Reductions #
Deployment-aware reduction semantics for IEEE32Exec.
In deployed environments, reductions (sums / dot-products / matmul accumulations) may be evaluated using different valid parenthesizations and, depending on the implementation, different leaf orders. Since floating-point addition is not associative, distinct reduction schedules can produce distinct results.

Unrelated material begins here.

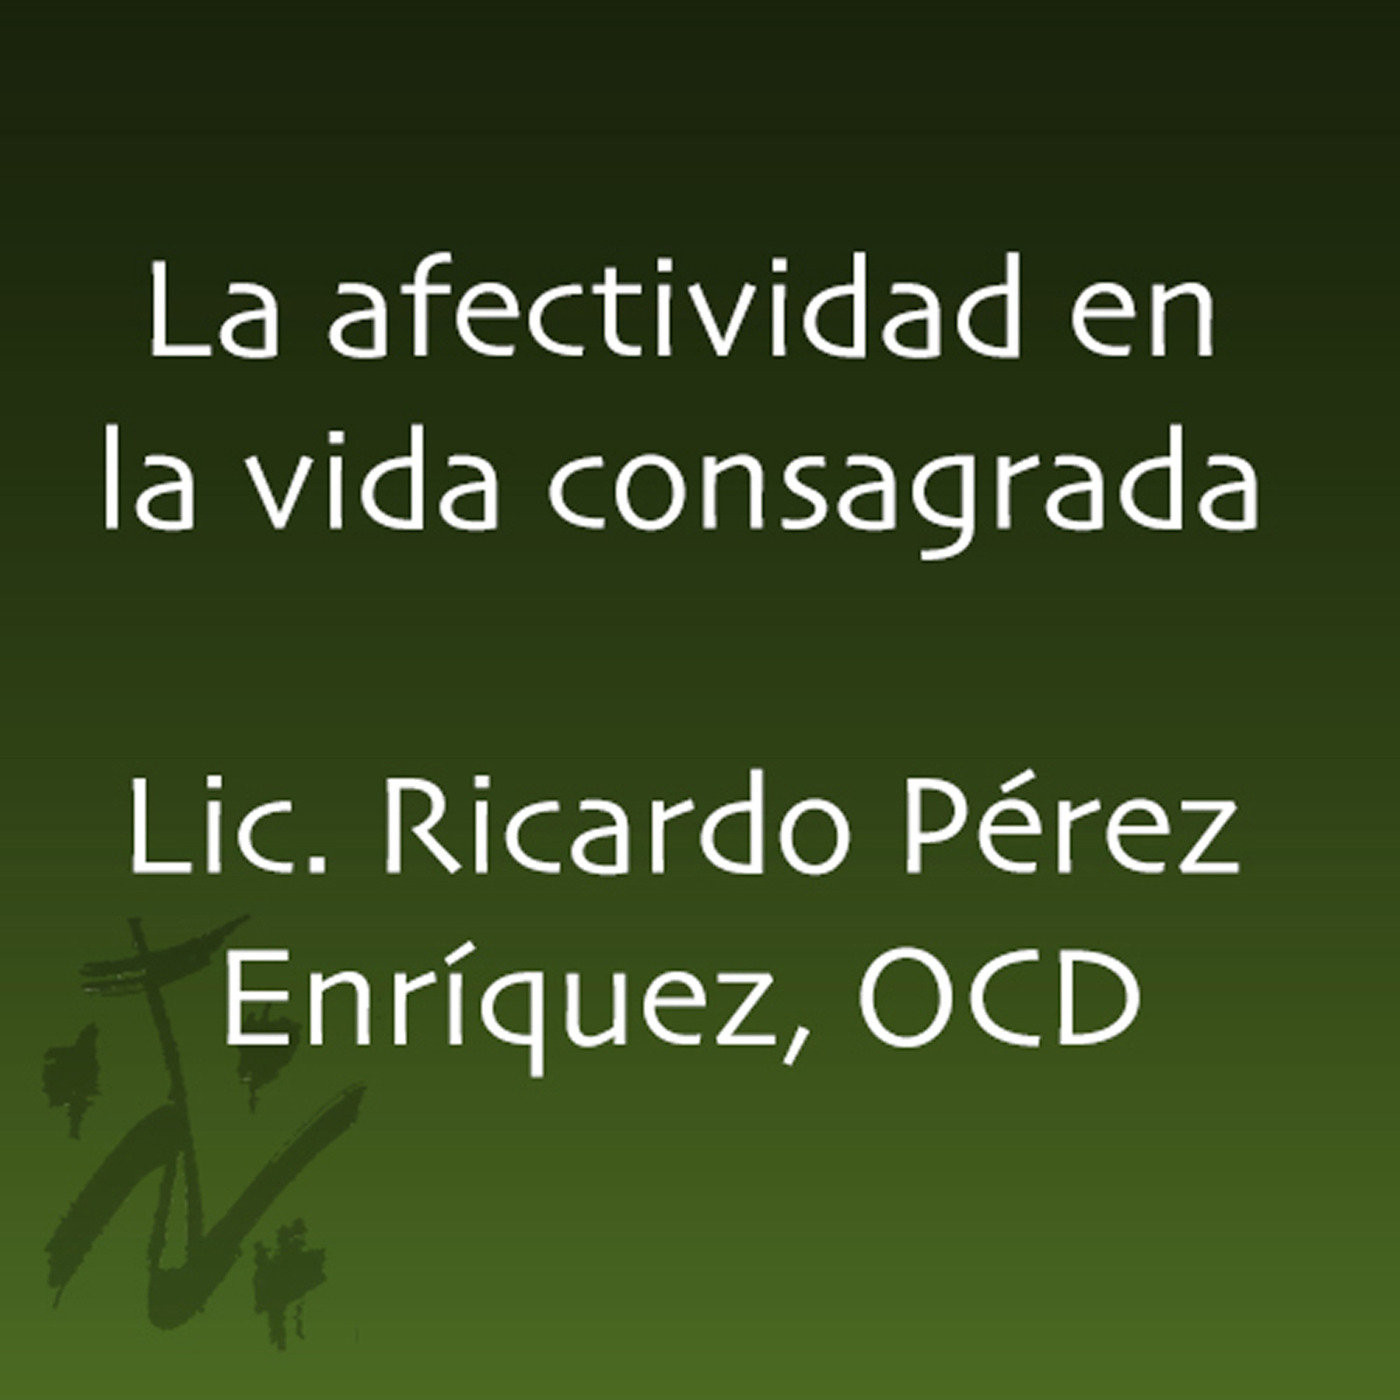 <![CDATA[Afectividad - Ricardo Pérez Enríquez, OCD]]>

This module models a reduction as "any result produced by a valid reduction tree over the same leaves" and proves a standard forward-error enclosure that holds uniformly over all such trees.
What this file proves #
Assuming a local rounded-addition model with parameter u, we derive a global enclosure whose
parameters depend only on:
n(the number of leaves), andA = Σ |leaf_i|(a scale factor).

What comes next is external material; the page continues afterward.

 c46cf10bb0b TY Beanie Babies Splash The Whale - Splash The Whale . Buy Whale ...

This matches the standard "γ_k-style" summation bounds where order-dependence is absorbed by A
(sum of absolute values) and a growth factor in n.
For IEEE32Exec, we connect the executable add to the real model fp32Round (a + b), but only on
the finite branch. If Inf/NaN/overflow is possible, the right semantics is the special-value
semantics from SpecialRules.lean, so this file keeps those cases out of scope via FiniteEval*.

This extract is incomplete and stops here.